FOD
- FOD's logo
- Website type: OTT platform
- Available in: Japanese
- Founded: September 2005; 21 years ago
- Headquarters: {{{location_country}}}
- Area served: Japan
- Owner: Fuji Television (Fuji Media Holdings)
- Key people: Jiro Komaki (Founder);
- Industry: Entertainment
- Products: Streaming media; video on demand; digital distribution;
- Services: film distribution; television production; television distribution;
- Website: fod.fujitv.co.jp
- IPv6 support: Yes
- Commercial: Yes
- Registration: Required
- Users: ▲1.5 million paid subscribers (As of September 2024^{[update]})
- Launched: September 2005; 21 years ago
- Current status: Active

= FOD (streaming service) =

Japanese on-demand media service

FOD, originally launched as Fuji TV On Demand (フジテレビオンデマンド), is a Japanese over-the-top, video on-demand, streaming television service, and digital publishing platform, owned and operated by Fuji Television. Introduced in July 2005, the service operates as a digital platform combining video streaming with a library of e-books, digital comics, and digital magazines.
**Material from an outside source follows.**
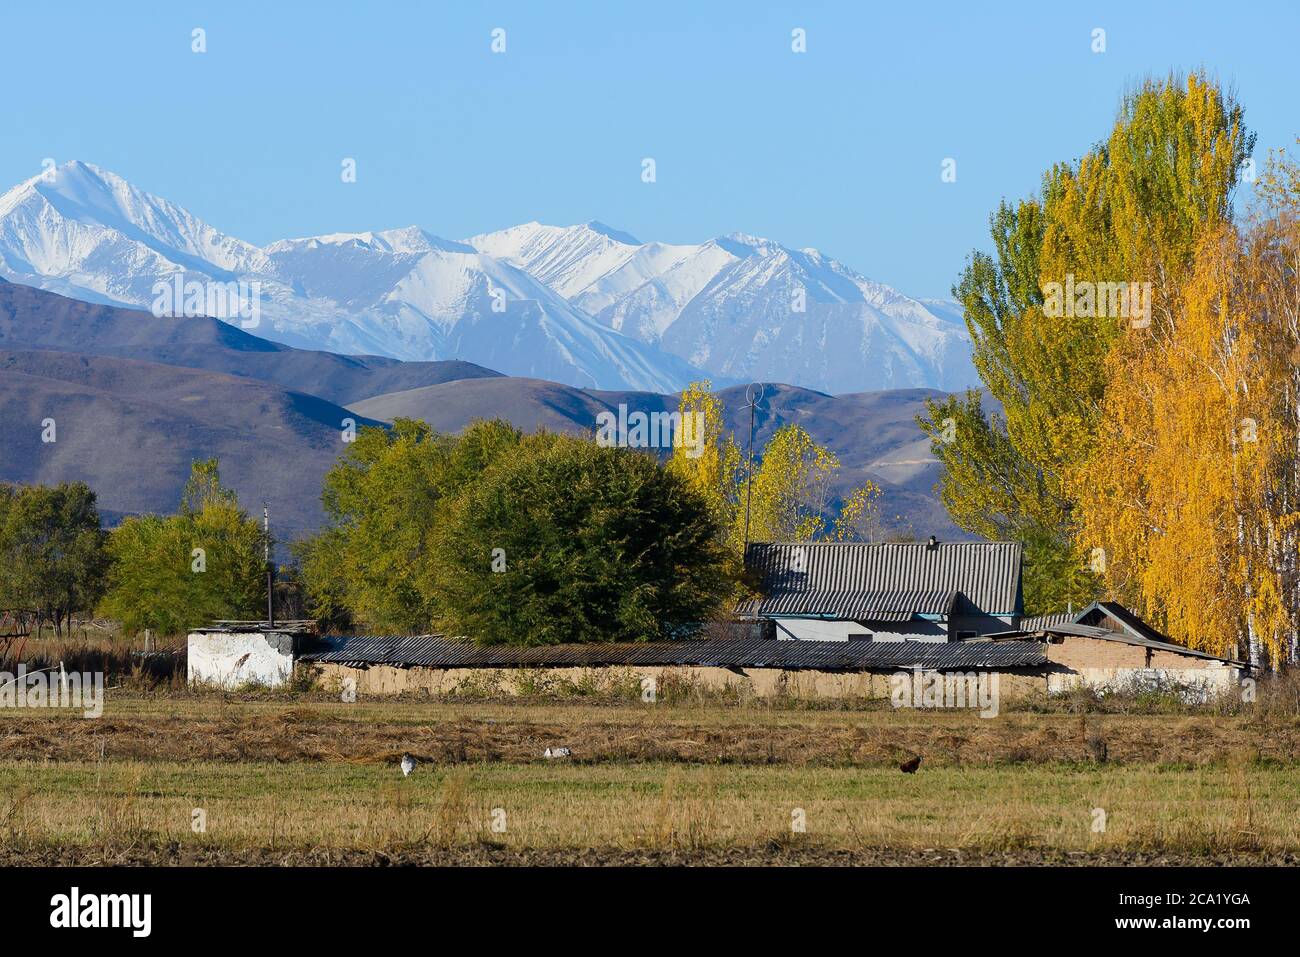 Countryside Kyrgyzstan in Central Asia with snow capped mountains behind. Rural area with mountain range with snow behind. Sunny day in fall season. Stock Photo

FOD offers a hybrid business model that includes subscription, ad-supported—featuring catch-up distribution for select Fuji Television programs—and transactional on-demand video services. The platform's video catalog includes Fuji Television's terrestrial broadcasts, such as drama series, variety shows, and Noitamina late-night anime block. It also features exclusive original programming, live sports events such as Formula One, and third-party content from domestic and international partners.

As of August 2024, the platform had over 1.5 million paid subscribers, with its applications accumulating over 33 million combined downloads across mobile and smart TV devices. The service has continued to expand its offerings into new formats, including short-form dramas and exclusive live sports broadcasting.

== History ==

=== 2005–2011: Launch and early development ===
Fuji TV On Demand was launched by Fuji Television on July 15, 2005. Initially, the premium video-on-demand service was distributed through partnerships with various internet service providers (ISPs) and content distribution platforms.
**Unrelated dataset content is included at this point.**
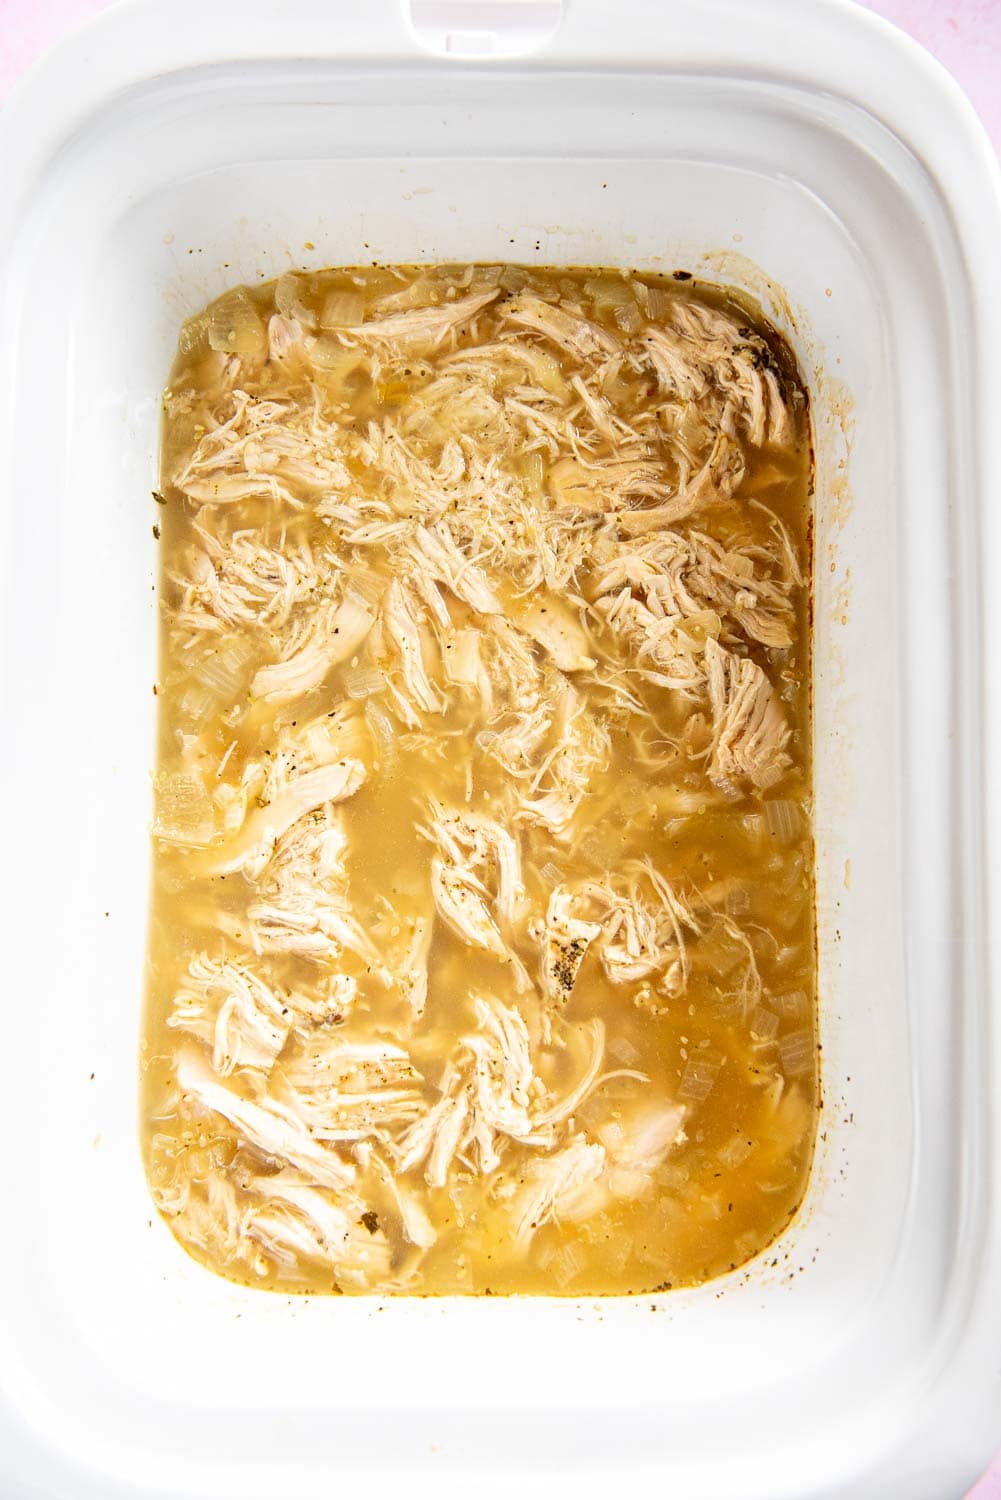 shredded chicken in a soup brown mixture in a white bowl

During its early stages, the platform's library primarily consisted of original programming from Fuji Television's satellite broadcasting channels (Fuji Television 721 and 739), alongside live events such as the 2005 FIVB Volleyball World Grand Prix and music concerts. At the time of its launch, the distribution of terrestrial television dramas was delayed due to complexities surrounding copyright clearance.

In April 2008, Fuji Television significantly expanded the service by launching its own direct-to-consumer websites for PCs and mobile phones. Internally referred to as the flagship store project, this strategic move allowed the network to establish a direct relationship with viewers independent of third-party ISPs, while still maintaining its existing distribution partnerships. The update introduced a mix of free and premium content, accessible via a free Fuji Television ID registration system.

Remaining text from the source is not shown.